Lines to restate from the data below: from the one containing "Aircalin arrenda um" to the one containing "Sport Fucker Grand", both included. Give them again exactly, and only them.

Task data:

_ _ _

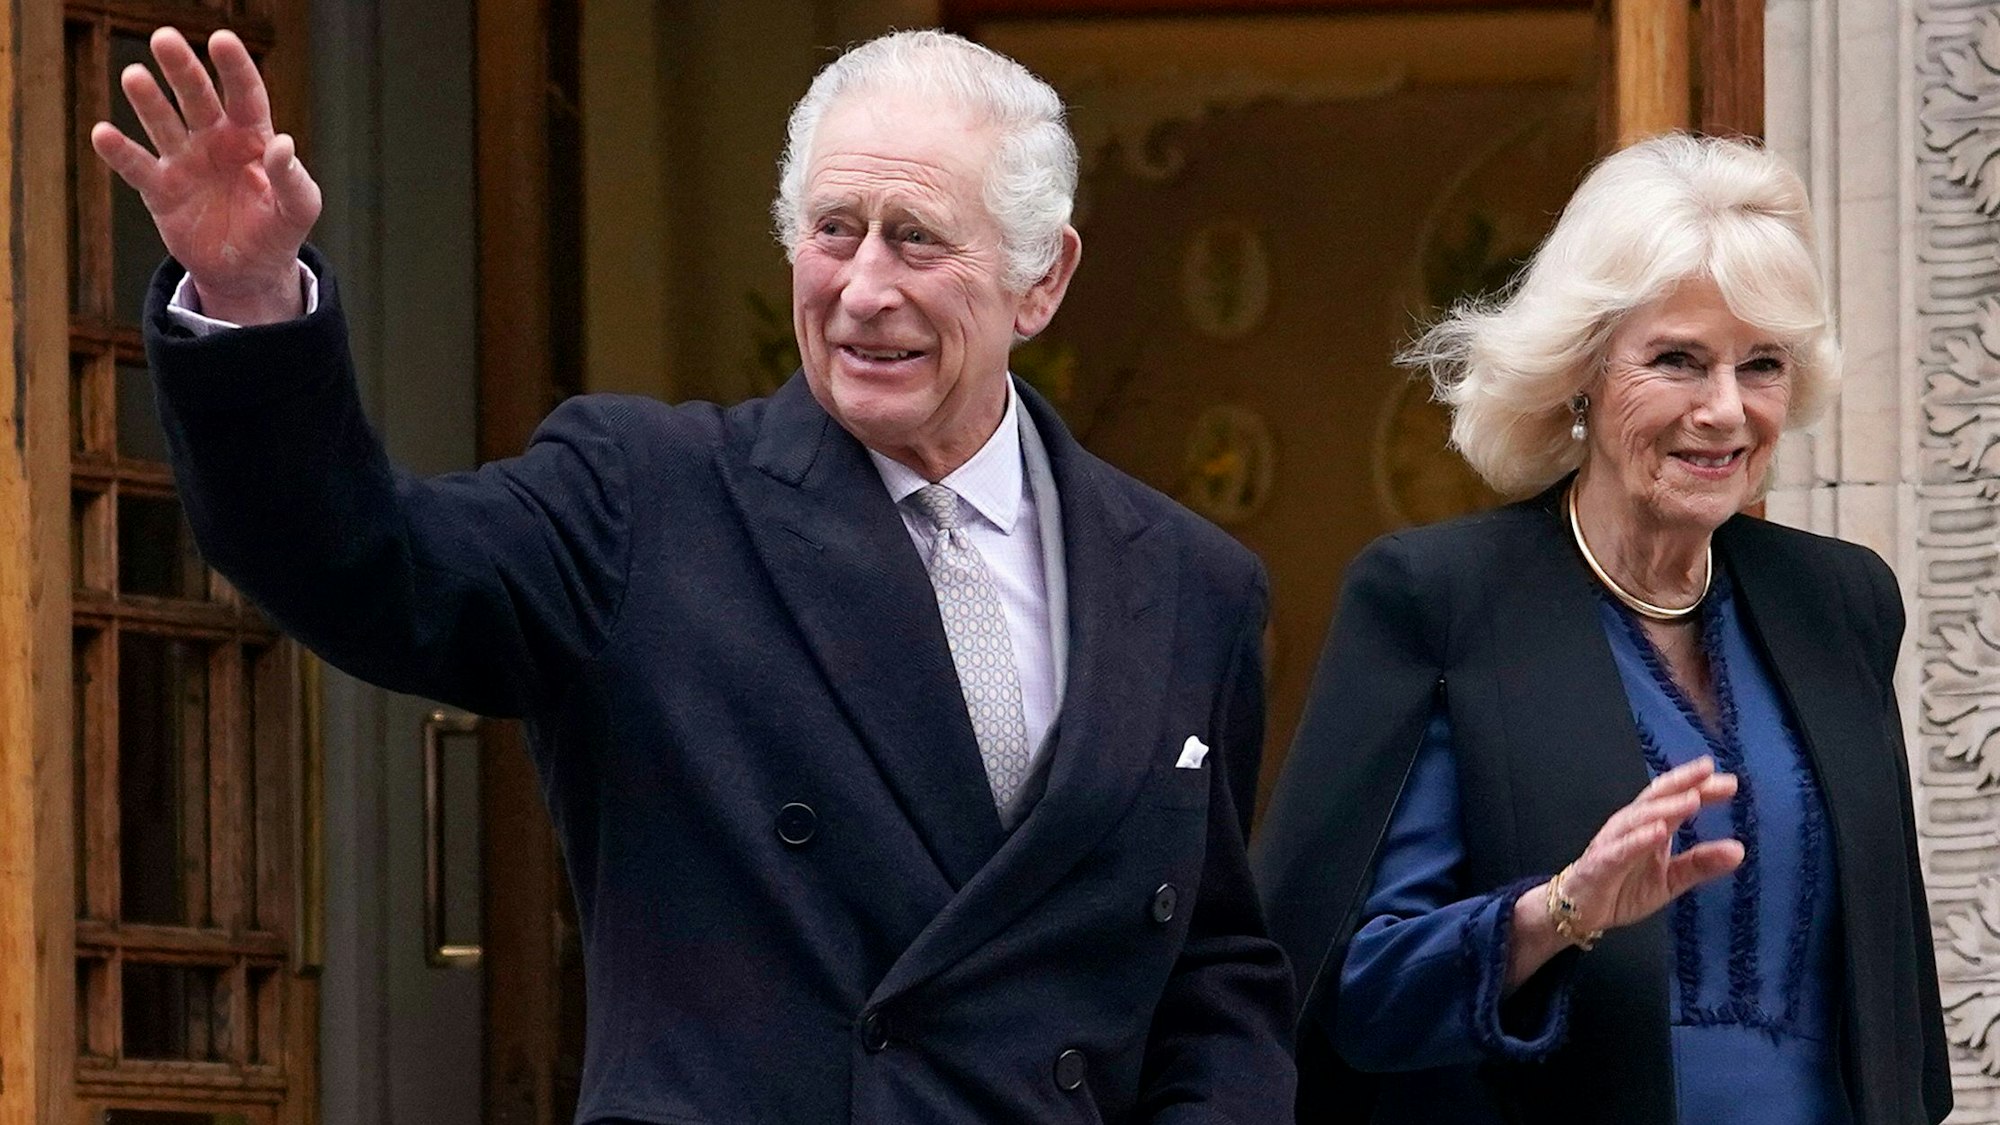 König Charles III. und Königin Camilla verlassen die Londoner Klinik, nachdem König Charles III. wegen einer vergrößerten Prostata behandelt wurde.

_ _ _

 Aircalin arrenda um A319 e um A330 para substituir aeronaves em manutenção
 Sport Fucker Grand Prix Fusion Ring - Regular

_ _ _

Response:
 Aircalin arrenda um A319 e um A330 para substituir aeronaves em manutenção
 Sport Fucker Grand Prix Fusion Ring - Regular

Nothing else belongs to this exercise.